Normal fresh mount microscopic preparation.
The vaginal microflora continuously go through modifications regarding the number and type of bacteria present, almost daily, in response to exogenous and endogenous factors [2]. These factors include the menstrual cycle phases, pregnancy, sexual intercourse, vaginal hygiene and medications (contraceptives, antibiotics and immune suppressants). Alterations occurring in the vaginal environment may increase or decrease the selective advantages for specific microorganisms.
Lactobacilli are obligate homofermenters – glucose derived from vaginal epithelial cells is used to produce lactic acid. The lactobacilli most commonly found in women of child-bearing age are Lactobacillus crispatus, Lactobacillus gasseri, Lactobacillus iners and Lactobacillus jensenii [2]. Healthier vaginas harbor mostly L. crispatus and L. jensenii.
The majority of lactobacilli have a small genome of approximately 1.8–2 Mb. They have lost several genes that used to code specific biochemical actions. This loss has been balanced by the gain of many other significant genes. Some of these genes were acquired by the mechanism of horizontal gene transfer through bacterial conjugation, while others were acquired by phage infection. Quite a few of these gained genes have supported protein transporter systems that have facilitated lactobacilli to attain vaginal colonization and adaptation [3].
Lactobacilli functions
The main role of lactobacilli is to maintain a hale and hearty balanced ecological vaginal milieu with a pH range between 3.8 and 4.4. This acidic pH is responsible for inhibiting the growth of most pathogenic bacteria.
Lactobacilli put forth this inhibition by a number of mechanisms, including the production of hydrogen peroxide, lactic acid and ribosomal-produced antimicrobial peptides (bacteriocins). Lactic acid potentiates both the activity of bacteriocins and that of hydrogen peroxide [4]. The antimicrobial activity of bacteriocins includes cell membrane permeabilization with ATR amino acids and ion efflux, and transmembrane potential and pH gradient depletion. It is worth mentioning that bacteriocins express host cell immunity and do not have hemolytic or cytotoxic activity.

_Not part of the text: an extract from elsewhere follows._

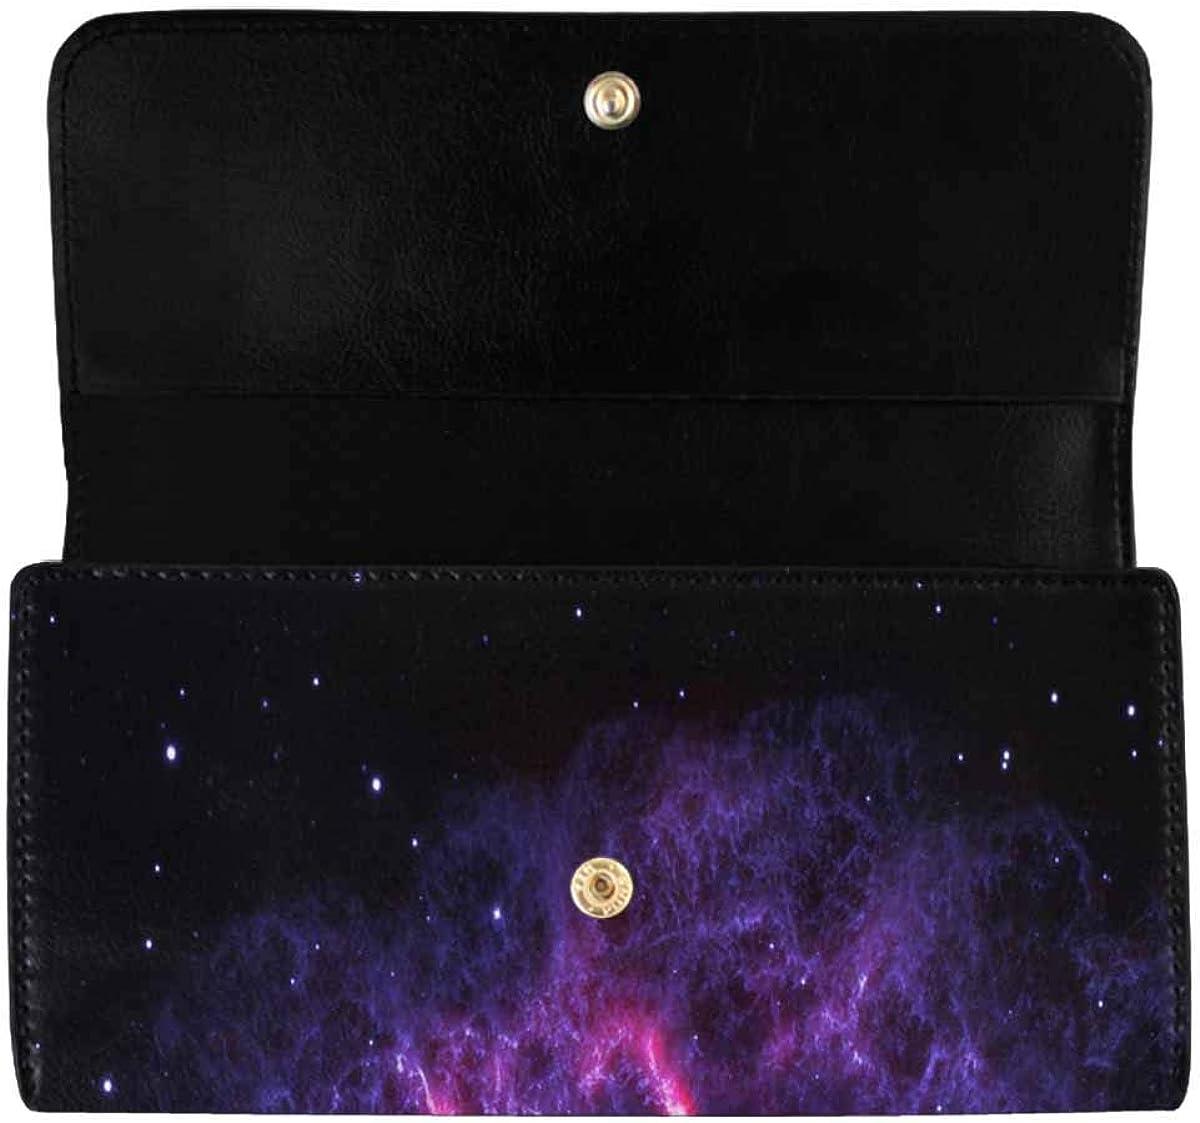 InterestPrint Women's Trifold Clutch Card Holder Watercolor Strawberries Purses Wallet Handbags

Lactobacilli-specific vaginotropism is facilitated by the presence of pili that act as ligands for attachment to glycolipid receptors present on vaginal epithelia cells. Additionally, lactobacilli compete for binding to receptors on vagina epithelial cells (VEC), in effect impeding pathologic microorganisms from adhering to these cells [5]. Supplementary bactericidal actions of lactobacilli products include: lactic acid, which is a potent inhibitor of Neisseria gonorrhoeae; and hydrogen peroxide, which suppresses the growth of Gram-negative bacteria, Gram-positive facultative and obligate anaerobe bacteria, including Escherichia coli, Gardnerella vaginalis and Mobiluncus species. Moreover, a recently identified bacteriocin, Lactocin 160A, specifically targets the cytoplasmic membrane of G. vaginalis [6]. Furthermore, certain bacteriocins seem to be protective against an infection of HIV, while others appear to induce membrane permeabilization on Gram-negative bacteria. Lactobacillus crispatus is specifically recognized to be a hydrogen peroxide producer. Hydrogen peroxide is involved with host myeloperoxidase and chloride ions in the formation of potent toxic oxidants that are bactericidal [6].

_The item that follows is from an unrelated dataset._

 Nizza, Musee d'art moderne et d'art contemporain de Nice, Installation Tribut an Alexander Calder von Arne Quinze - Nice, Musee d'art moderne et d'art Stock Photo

All of the above described actions further help lactobacilli to establish itself in the vagina and guarantee it long-term permanence to thrive with minimal competition.
Vaginal immunity
Vaginal immunity differs from systemic immunity. Reproductive tract immune cells safeguard against bacterial pathogens in the vagina and cervix, and contribute to establishing immune tolerance for sperm and embryo/fetus in the uterus. The systemic immune system is considerably influenced by sexual hormones, though leukocytes present in the reproductive tract do not hold estrogen and/or progesterone receptors [7]. The innate immune system recognizes molecular patterns connected with pathogens (pathogen-associated molecular pattern). When a pathogen-associated molecular pattern is recognized in the vagina, it activates the systemic immune system (lymphocytes T and B) causing the release of proinflammatory cytokines and the start of the cellular and humoral immunity. The innate immune system activation occurs rapidly, although several days are required for the acquired immunity to also become functional [1].
Several of these factors are active in the vagina, including soluble components such as mannose-binding lectin (MBL), and complement components and membrane-associated components called as Toll-like receptors (TLRs). MBL is an antimicrobial protein synthesized by the liver and is present in the vagina. MBL binds to bacterial mannose-containing polysaccharide surfaces causing complement activation and bacteriolysis. Women deficient in MBL are more susceptible to recurrent Candida albicans infections [2]. Additionally, the vagina contains defensins – molecules with nonspecific antimicrobial activity. Moreover, in the vagina, secretory leukocyte protease inhibitor (inhibits proteases, destroys Gram-positive and Gram-negative bacteria and blocks HIV) has been detected. Vaginal levels of this protein are reduced in patients with BV. Last, nitric oxide and phagocytic cells are also present in the vaginal milieu [1].
Vaginal epithelial cells
As we have seen, VECs play a very important role in vaginal immunity. A newly published manuscript regarding vaginal immunity describes the vaginal epithelium in women of child-bearing age as being comprised of loosely linked cells packed with glycogen. VECs are penetrable by bacteria and viruses in addition to molecular and cellular mediators of immune defense. Hence, Anderson et al. proposed that VECs provide an exclusive microenvironment that preserves vaginal health by nurturing endogenous lactobacilli while holding acquired and innate immunity mediators [8].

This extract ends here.